### [What the task requires]
Word for word, transcribe the listing that follows, minus any pictures.

### [Data below]
───

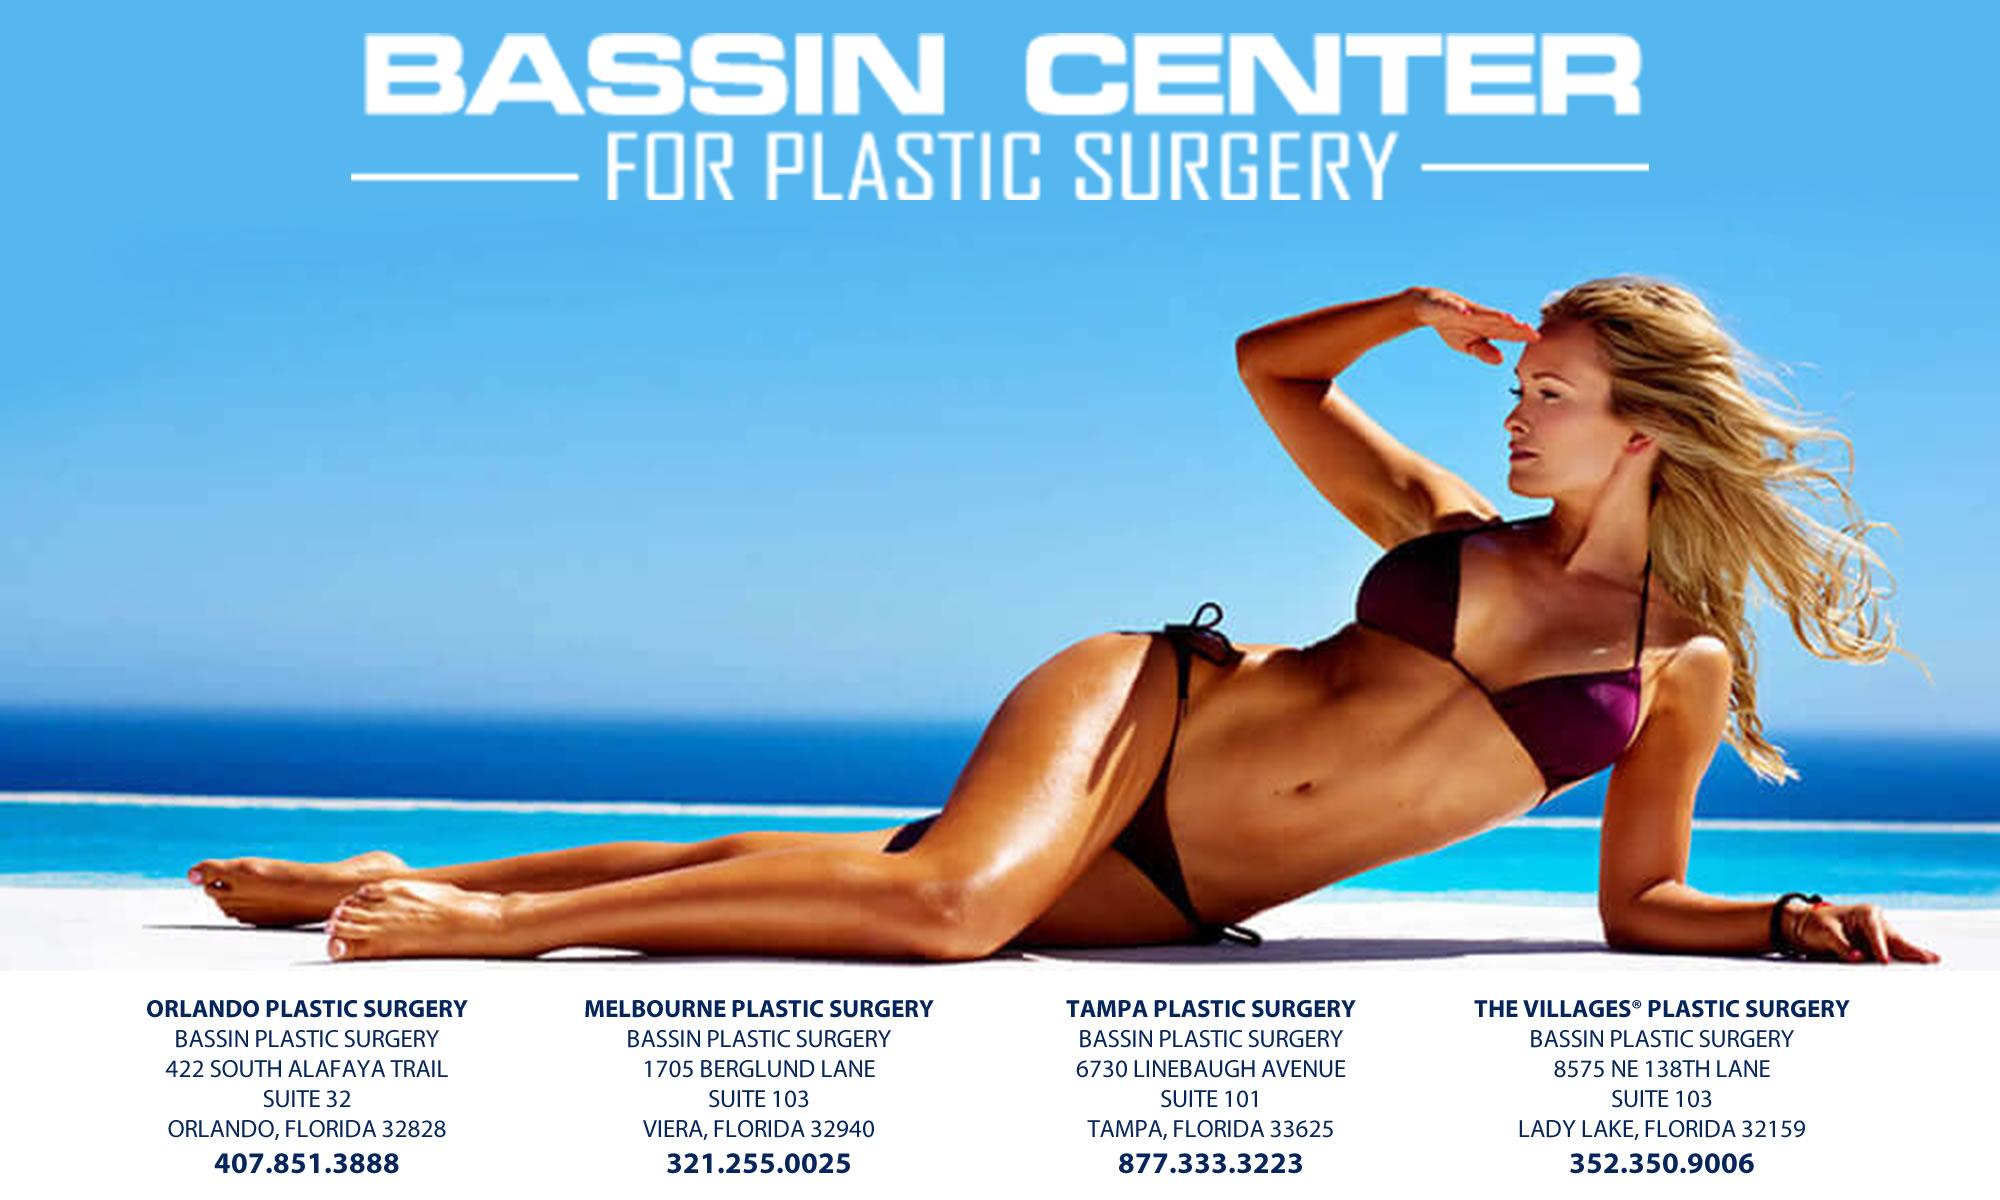 https://www.plastic-surgery-florida.com/OG_Images/JPEGS_for_Twitter/Bassin-Center-for-Plastic-Surgery.jpg
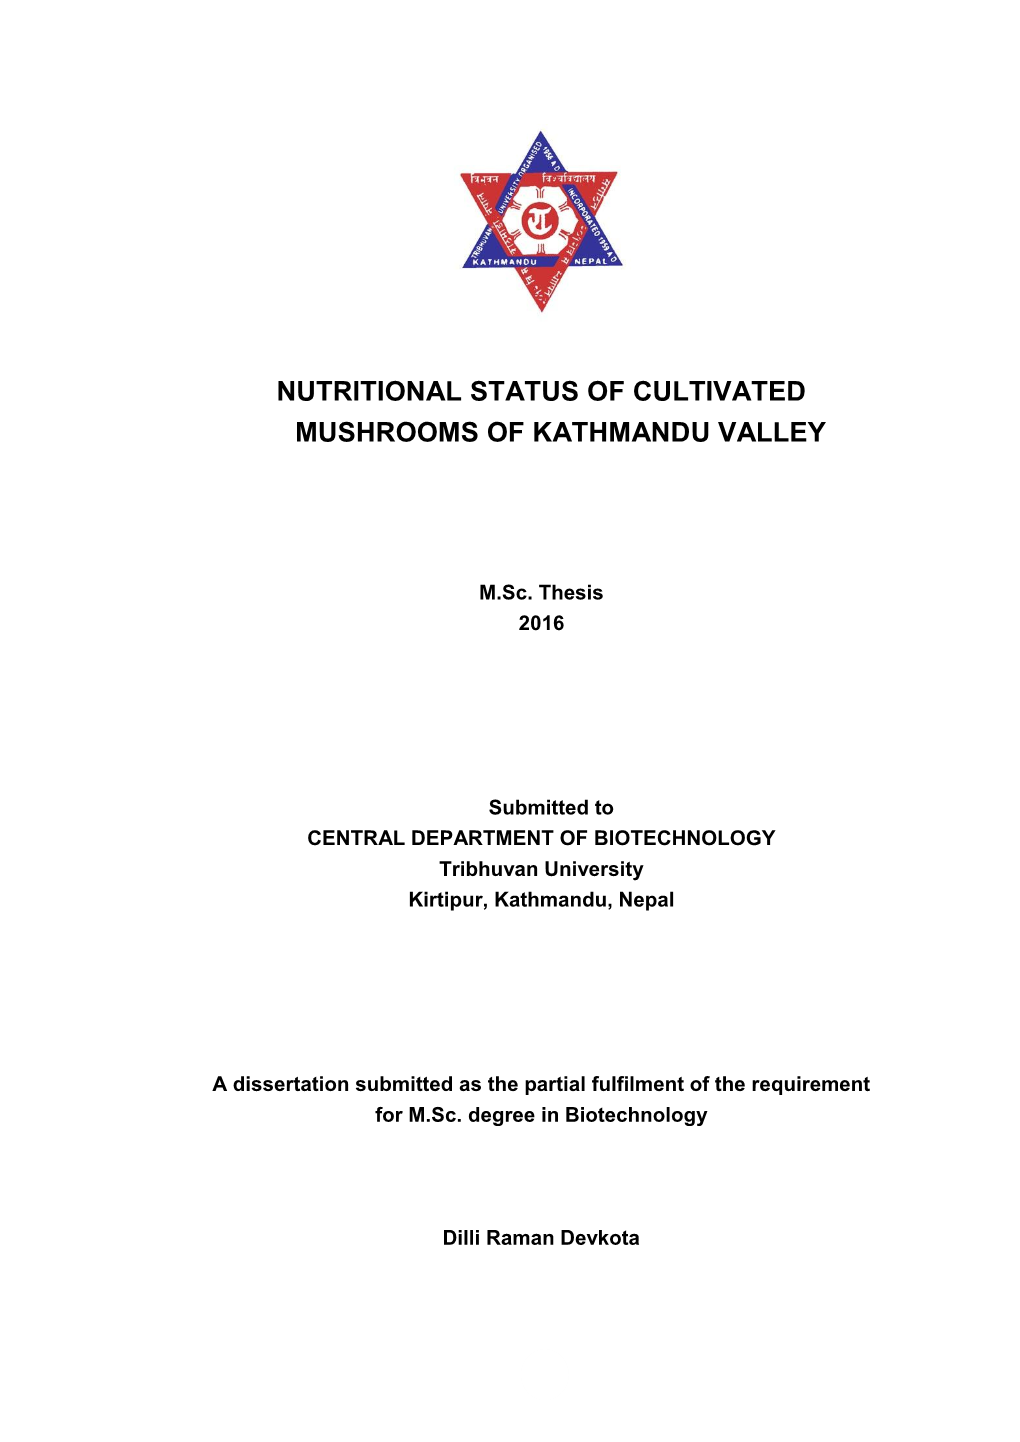 Nutritional Status of Cultivated Mushrooms of Kathmandu Valley
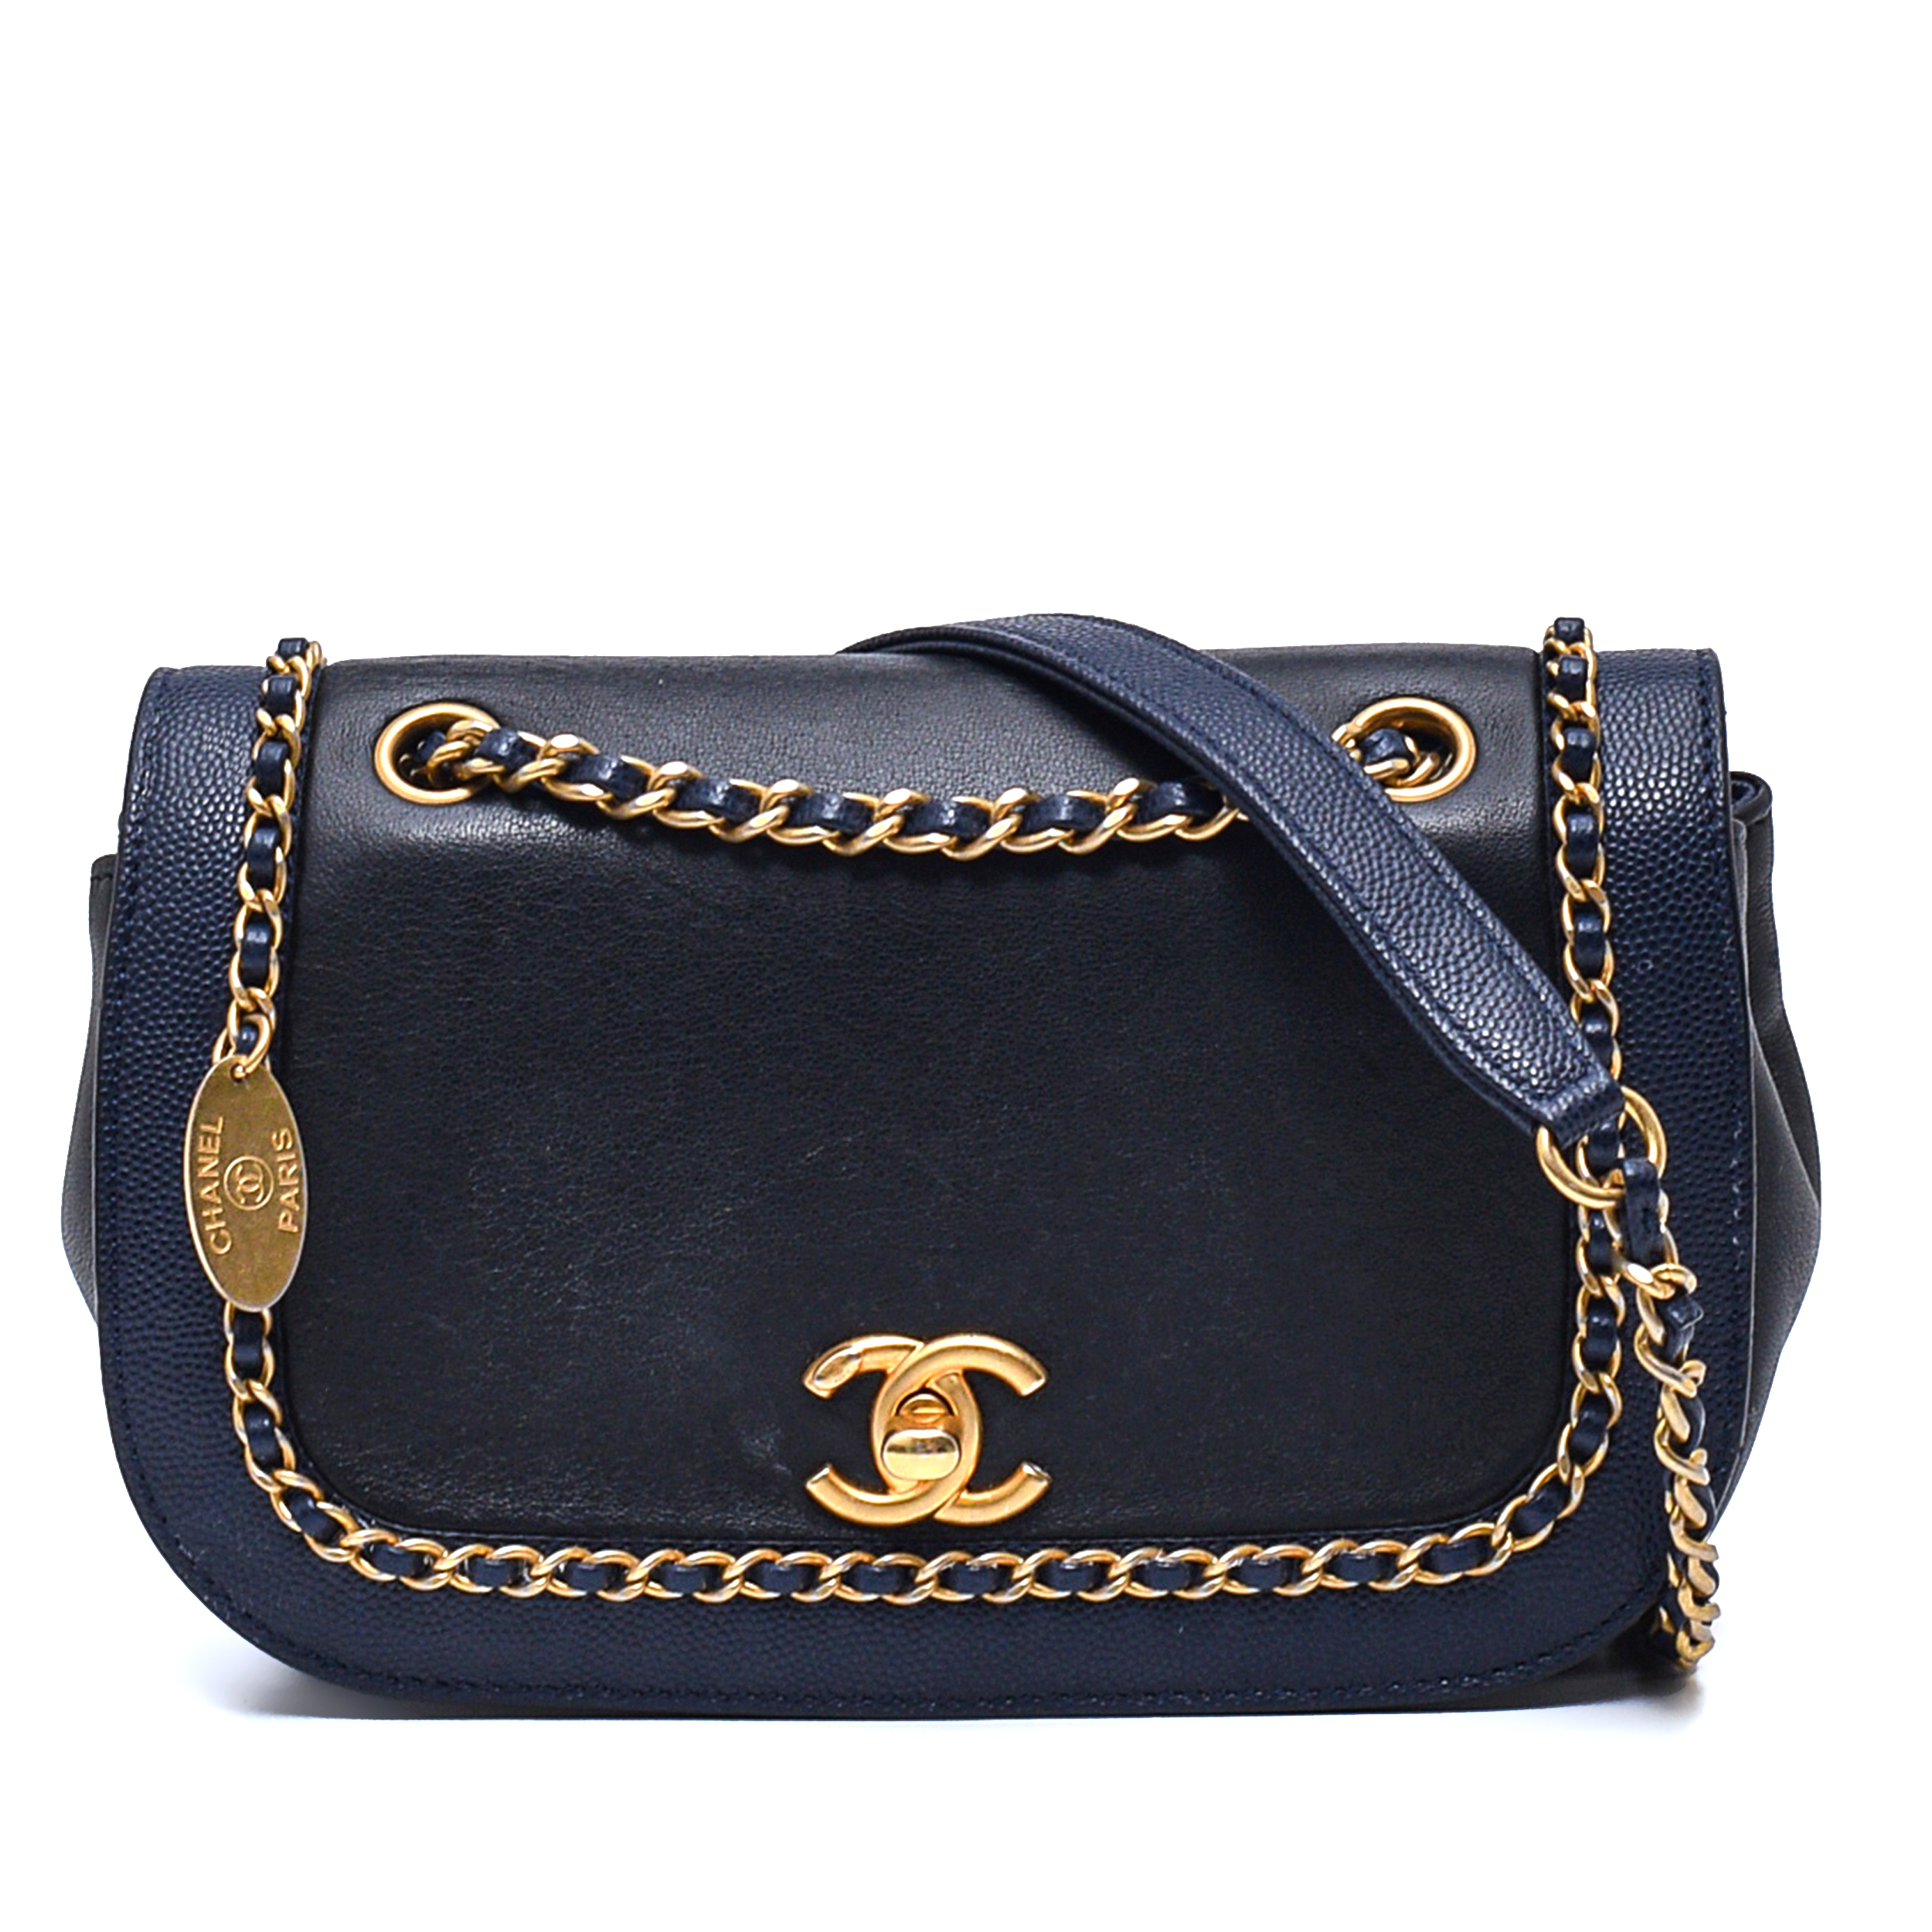 Chanel - Black&Navy Calfskin Leather Chain Around Flap Bag

───

### [Solution below]
 https://www.plastic-surgery-florida.com/OG_Images/JPEGS_for_Twitter/Bassin-Center-for-Plastic-Surgery.jpg
 Nutritional Status of Cultivated Mushrooms of Kathmandu Valley
 Chanel - Black&Navy Calfskin Leather Chain Around Flap Bag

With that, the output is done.